Targeted therapy for adrenocortical tumors in transgenic mice through their LH receptor by Hecate-human chorionic gonadotropin conjugate

Abstract

Novel strategies are needed for the treatment of adrenocortical tumors that are usually resistant to chemotherapy. Hecate, a 23-amino acid lytic peptide, was conjugated to the 15-amino acid (81-95) fragment of the human chorionic gonadotropin beta (CGbeta) chain, which would selectively kill cancer cells expressing the LH receptor (LHR) sparing the normal ones with LHR. To prove the principle that Hecate-CGbeta conjugate may eradicate tumors ectopically expressing plasma membrane receptors, transgenic (TG) inhibin alpha-subunit promoter (inhalpha)/Simian Virus 40 T-antigen mice, expressing LHR in their adrenal gland tumors, were used as the experimental model.
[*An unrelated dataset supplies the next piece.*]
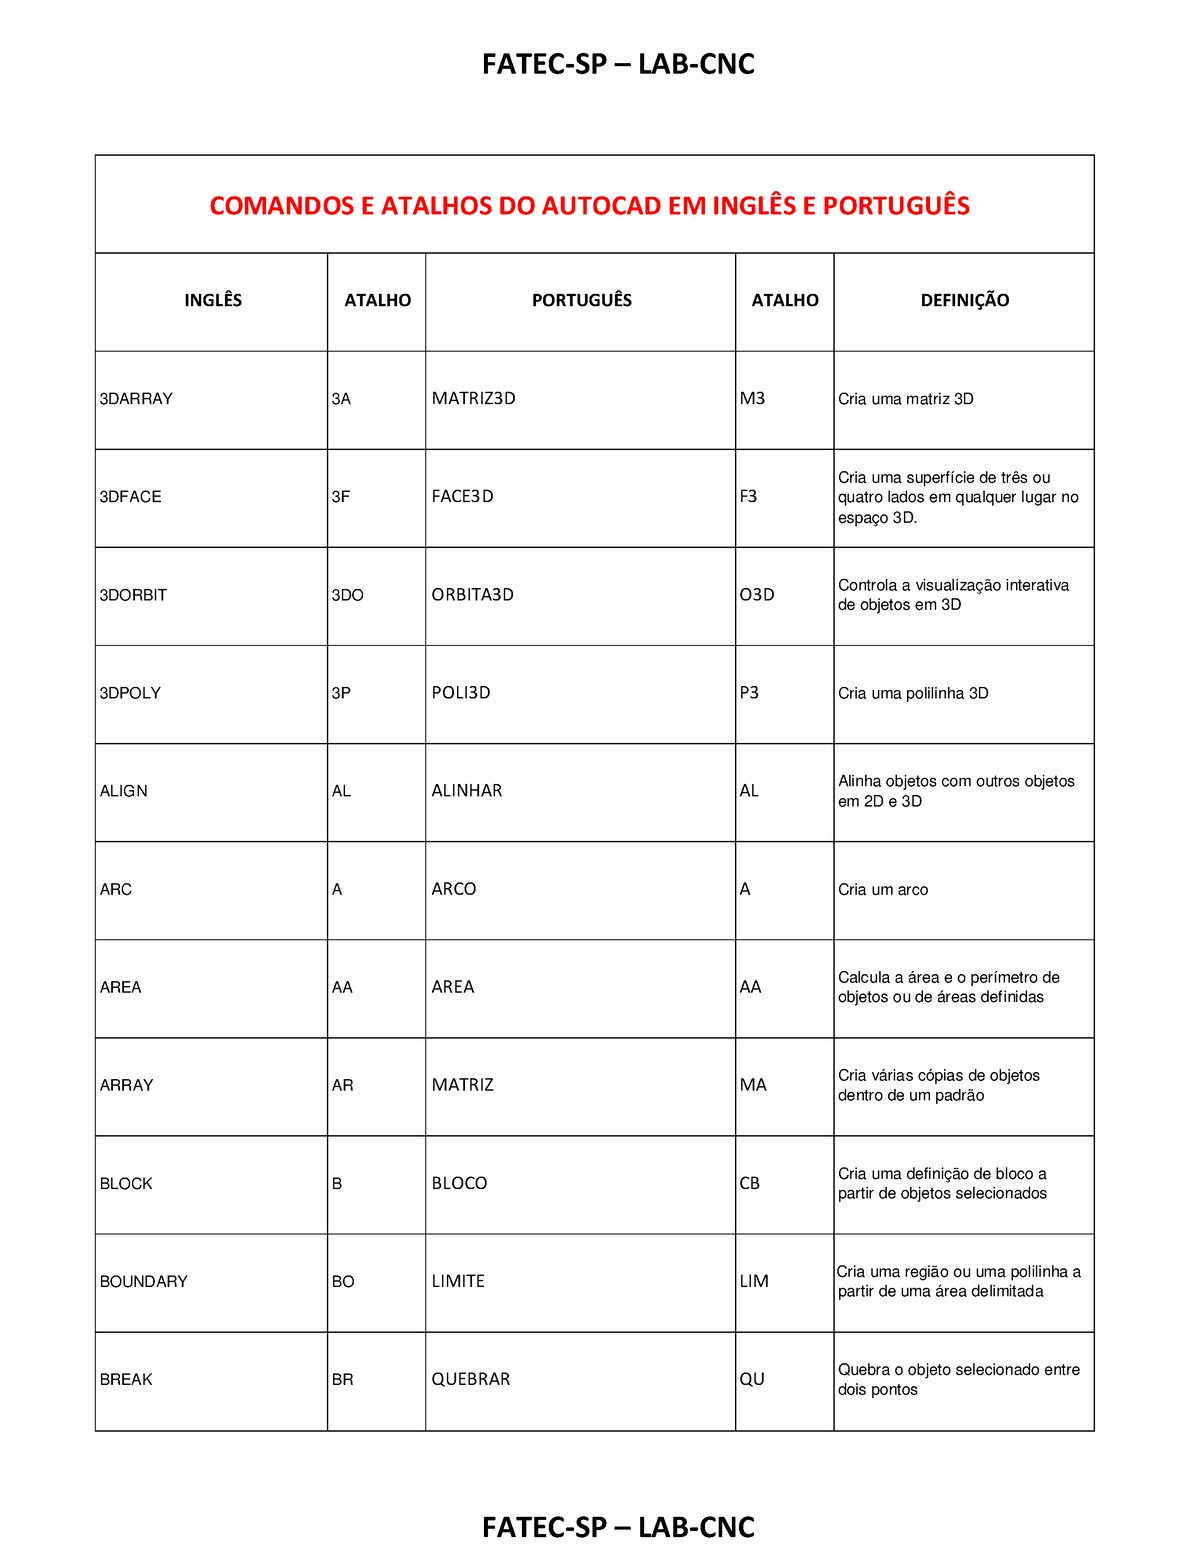 Comandos e atalhos do autocad em inglês e português

Wild-type control littermates and TG mice with adrenal tumors were treated with either Hecate or Hecate-CGbeta conjugate at the age of 6.5 months for 3 weeks and killed 7 days after the last treatment. The Hecate-CGbeta conjugate reduced the adrenal tumor burden significantly in TG male but not in female mice, in comparison with Hecate-treated mice. Hecate-CGbeta conjugate treatment did not affect normal adrenocortical function as the serum corticosterone level between Hecate and Hecate-CGbeta conjugate groups were similar. The mRNA and protein expressions of GATA-4 and LHR colocalized only in tumor area, and a significant downregulation of gene expression was found after the Hecate-CGbeta conjugate in comparison with Hecate- and/or non-treated adrenal tumors by western blotting. This finding provides evidence for a selective destruction of the tumor cells by the Hecate-CGbeta conjugate. Hereby, our findings support the principle that Hecate-CGbeta conjugate is able to specifically destroy tumor cells that ectopically express LHR.